Il est 48 heures actuellement depuis l'arrestation par les Maï-Maï de la faction CNPSC du Général autoproclamé William Amuri Yakutumba du Président de la société civile de la ville de Baraka et son vice.
Etunda Maisha Albert et Mateso wa Mulendela Moutard sont incarcérés au quartier Général de ses Wazalendo situé à l'école YEP vers le quartier Mwamsombo.
Selon certaines sources non officielles, ces derniers sont incarcérés pour avoir rendu visite à Monsieur Shikoti Tangani'a Lac, ancien Président de la société civile qui est aux arrets, il y a quelques jours.
Ces arrestations interviennent quelques jours seulement après la libération par les Wazalendo des notables Luanusha M'melewa Josué et Kasesula wa Kasesula Vicent qui ont récouvré leur libération après le payement d'une amande allant jusqu'à à 1000 dollars Américains.
Des arrestations illégales et sans preuves
Tout reste à vérifier, en territoire de Fizi et en ville de Baraka, tout soupçon d'être en connivence avec les rebelles du M23-RDF-AFC soutenus par le Rwanda selon les rapports des experts de l'ONU, pour atteindre ces localités ci-haut citées, conduit à une arrestation sans pitié. Il y a des arrestations arbitraires et sans preuves.
« Nous avons besoin de savoir plus sur ces arrestations sans preuves des certains parmi les fils du terroir par le Wazalendo sous pretexte d'être en contact avec les rebelles du M23, nous demandons au gouvernement Congolais et Provincial au Sud-Kivu, pour que ses frères qui sont aux arrets soient libérés », a déclaré un notre de Fizi vivant à Bukavu.
Les structures des Jeunes prennent en main la situation
Face à ces arrestations, les structures des jeunes de Baraka-Fizi se dit aussi choquaient par cette façon de faire des Wazalendo.
Selon « la Tribune du Jeune Leader, parler pour relever les défis », dont son initiateur Wakati Galilée, ces actes d’intimidation sont une violation flagrante des droits fondamentaux et participent à l’instabilité de la société.

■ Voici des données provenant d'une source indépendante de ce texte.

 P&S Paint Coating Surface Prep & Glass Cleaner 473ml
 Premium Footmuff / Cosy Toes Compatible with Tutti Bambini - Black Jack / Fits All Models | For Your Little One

« La TJL-FIZIT dénonce fermement cette dérive et exige leur libération immédiate et inconditionnelle. Il sied de rappeler que lorsqu'ils veulent avoir du poids et être pris au sérieux aux niveaux local, national et international, les Wazalendo doivent rompre avec la violence gratuite et se positionner comme des acteurs de dialogue », a-t-il dénoncé.
Une campagne sur internet pour dénoncer les actes commis par les Wazalendo et exiger la libération de Shikoti Tangan'ia Lac, Albert Etunda et Moutard Mateso.
Nous avons tenté de joindre au téléphone les responsables des Wazalendo pour savoir plus sur le mobile de ces arrestations, mais sans succès.